Ари рассказал о телефонном звонке Поля. Комиссар слушал его внимательно, делая пометки. Допрос продолжался больше часа, когда наконец он задал последний вопрос:

— Вы знакомы с Моной Сафран?

— Только с сегодняшнего дня.

— Она вам звонила?

— Мы с ней встретились.

— Вам не доводилось раньше слышать о ней?

— Нет.

— Удивительно… Вы называете месье Казо одним из своих ближайших друзей и при этом не знакомы с его душеприказчицей.

— Меня это тоже удивило.

— Хорошо. У меня больше нет вопросов…

— Вы не могли бы сообщать мне о ходе расследования?

— Я сделаю все, что в моих силах, Маккензи. Но не ждите слишком многого. Сами знаете, как это бывает…

— У вас есть зацепки?

— Нет. Еще слишком рано. Пока могу сказать вам только одно: месье Казо скончался около семнадцати часов, убийца… опустошил его череп. Полностью.

9

Когда около полудня Ари подходил к своему номеру, чтобы забрать вещи, он заметил, что дверь приоткрыта. Может, там горничная?.. Осторожно, кончиками пальцев, он толкнул дверь.

Постель еще не убрана, ставни опущены. Он шагнул вперед и увидел свою сумку, вывернутую на пол. В полутьме Ари бесшумно подкрался к ванной. Сердце бешено колотилось, когда он заглядывал внутрь. Никого.

Переведя дух, он включил свет. Все перевернуто вверх дном. Матрас приподняли, все шкафы открыли и второпях обыскали. По всей видимости, за несколько минут до его прихода.

Не медля он схватил сумку, кое-как запихнул вещи обратно и бросился к стойке хозяина.

— Уезжаете?

— Кто-нибудь входил в мой номер?

Хозяин гостиницы вытаращил глаза:

— Простите?

— Кто-нибудь заходил ко мне в номер в мое отсутствие?

— Нет, месье, не думаю. Вы кого-то ждали?

— Вы никого не видели?

— Нет. Что-то не так, месье?

— Нет-нет. Держите. — Ари быстро протянул ему кредитку. — Я бы хотел расплатиться.

Расплачиваясь, он поглядывал на улицу. Что, если его гость где-то неподалеку?

Выйдя из гостиницы и никого не заметив, он направился к Реймскому вокзалу, находившемуся, если он не ошибался, в двух-трех улицах отсюда. По приезде он взял такси, но небольшая прогулка на зимнем холоде ему не повредит. Ари никогда не был большим любителем пеших прогулок. По правде говоря, он их просто не выносил. Но случались и исключения: он не из тех, кто любит упиваться своим горем, и при первых же признаках депрессии готов поступиться правилом и развеять тоску ходьбой.

Он пошел по улочке, собираясь перейти на другую сторону, но едва ступил на мостовую, как услышал визг шин.
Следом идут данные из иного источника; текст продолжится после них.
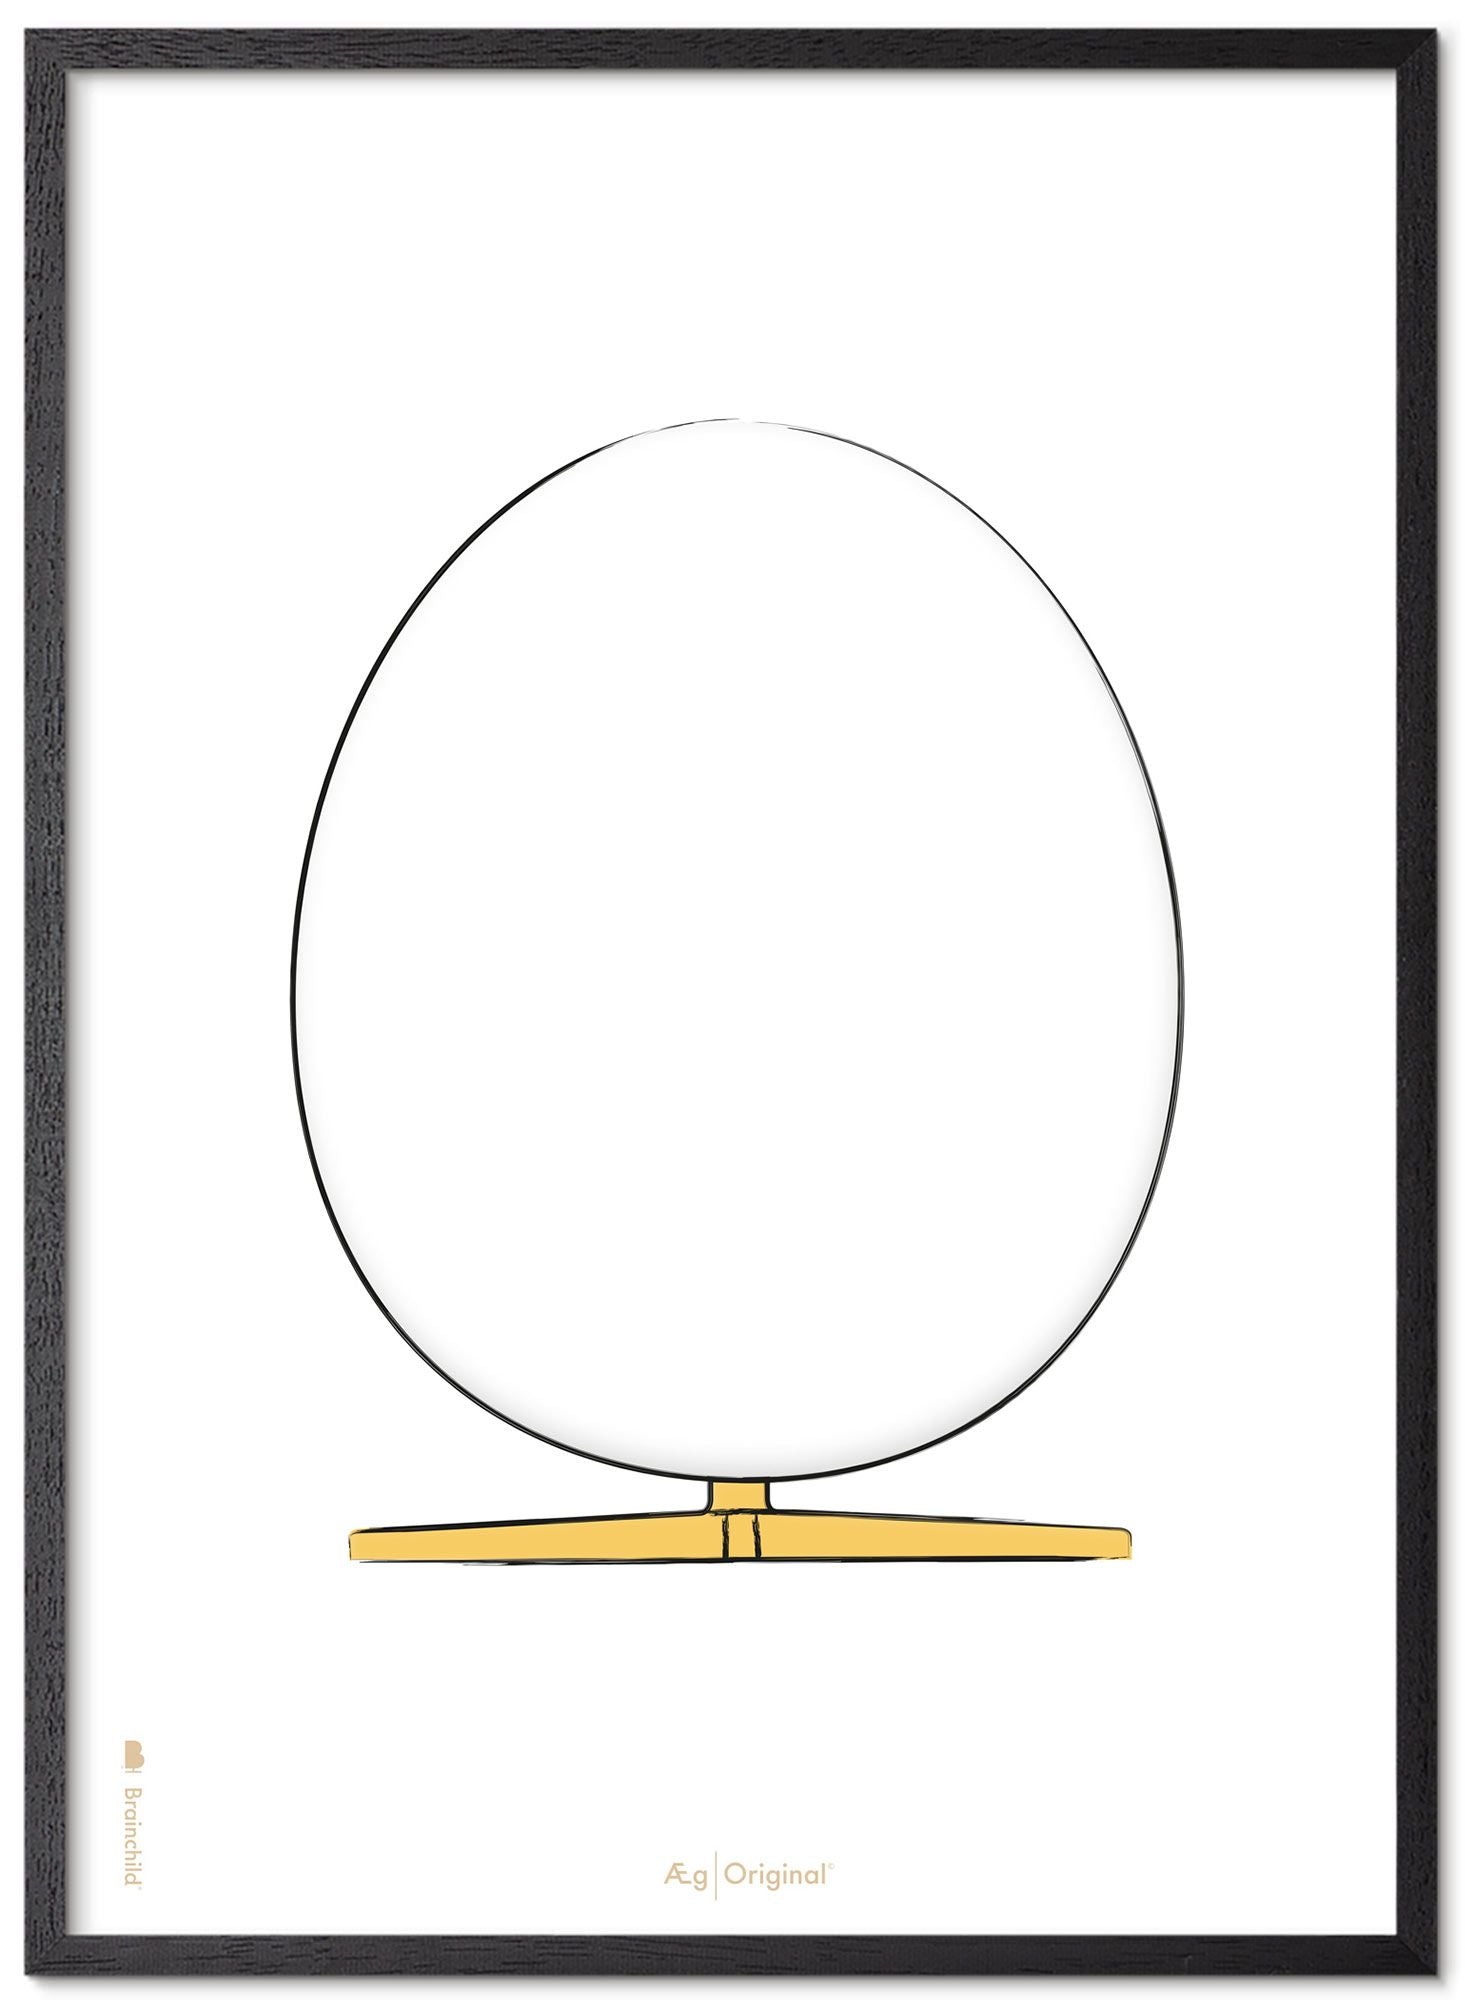 Prepare el marco de póster de boceto de diseño de huevo hecho de madera lacada negra de 30x40 cm, fondo blanco
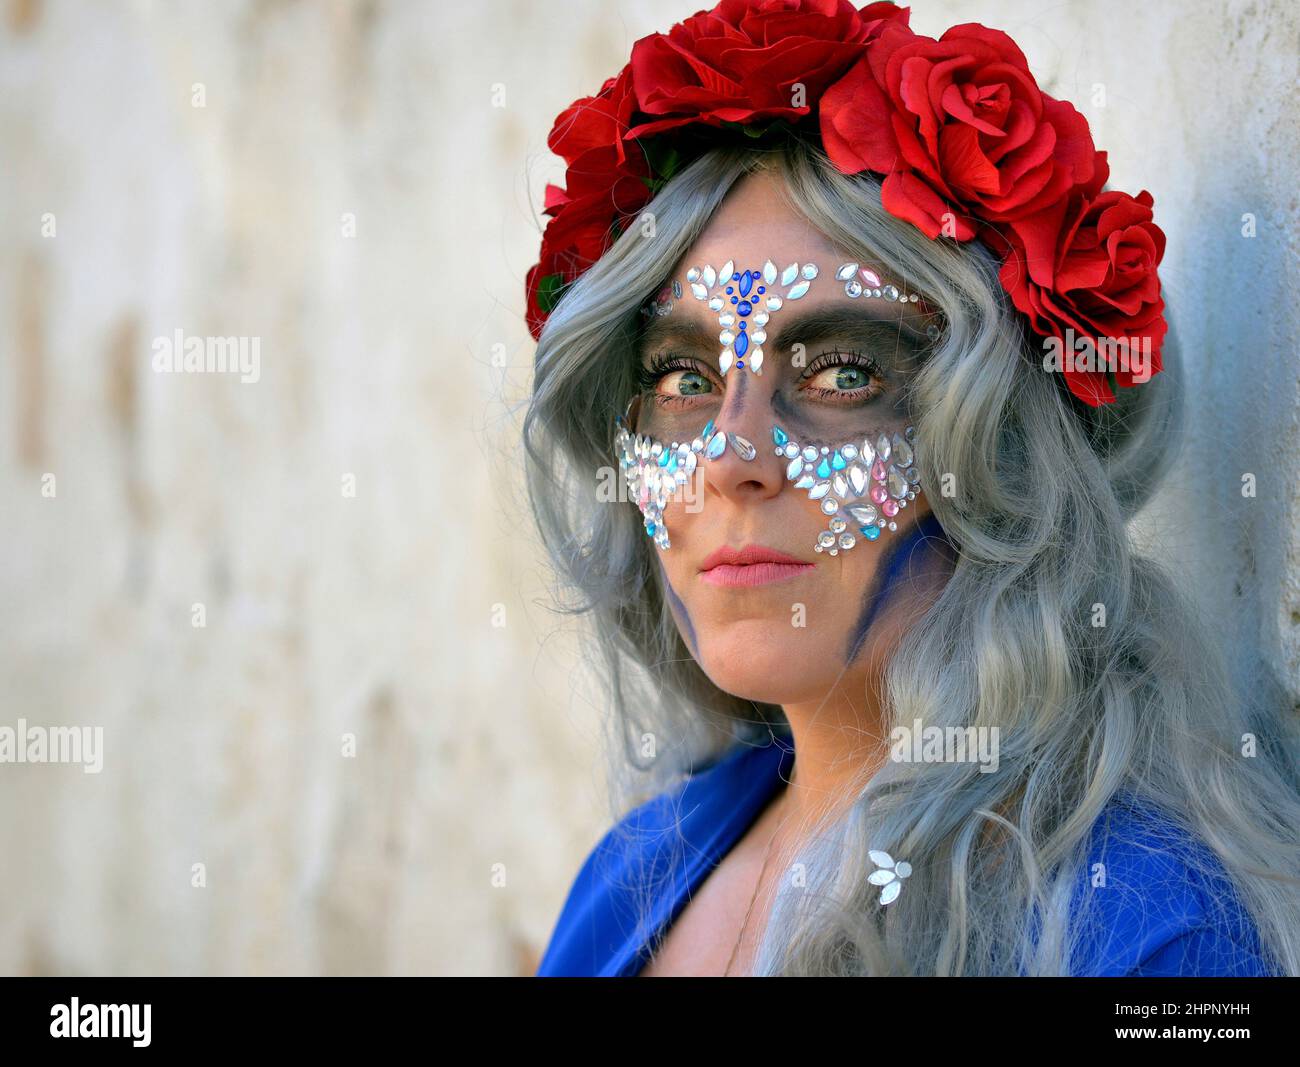 Junge, schöne kaukasische Frau mit roten Blumen in ihren grauen Haaren und vielen Gesichtssteinen am mexikanischen Tag der Toten (Día de los Muertos) sieht den Betrachter an. Stockfoto

От удивления он замер на месте и тут заметил машину, мчавшуюся прямо на него. Он колебался всего какую-то долю секунды. Может быть, лишнюю долю. Прыгнуть вперед или отступить? Когда он выбрал второе, от машины его отделяло не больше десятка метров. Снова взвизгнули шины. Заднюю часть седана на скользкой дороге слегка занесло. Ари отскочил в сторону, ударился спиной о капот какой-то машины и мгновенно перевалился через нее. Послышался страшный грохот, затем сильный толчок, звон разбитого стекла и треск сминаемого железа. Мир вокруг Ари завертелся. Его подбросило в воздух, потом с силой швырнуло на землю, и острая боль пронзила бедро. Он тут же выпрямился и увидел уносящийся прочь коричневый седан. Несомненно, это была та же машина, которая накануне так резко сорвалась с места, когда он увидел ее из окна гостиницы. Он не успел разобрать номер, только заметил, что он немецкий. Машина скрылась на соседней улице.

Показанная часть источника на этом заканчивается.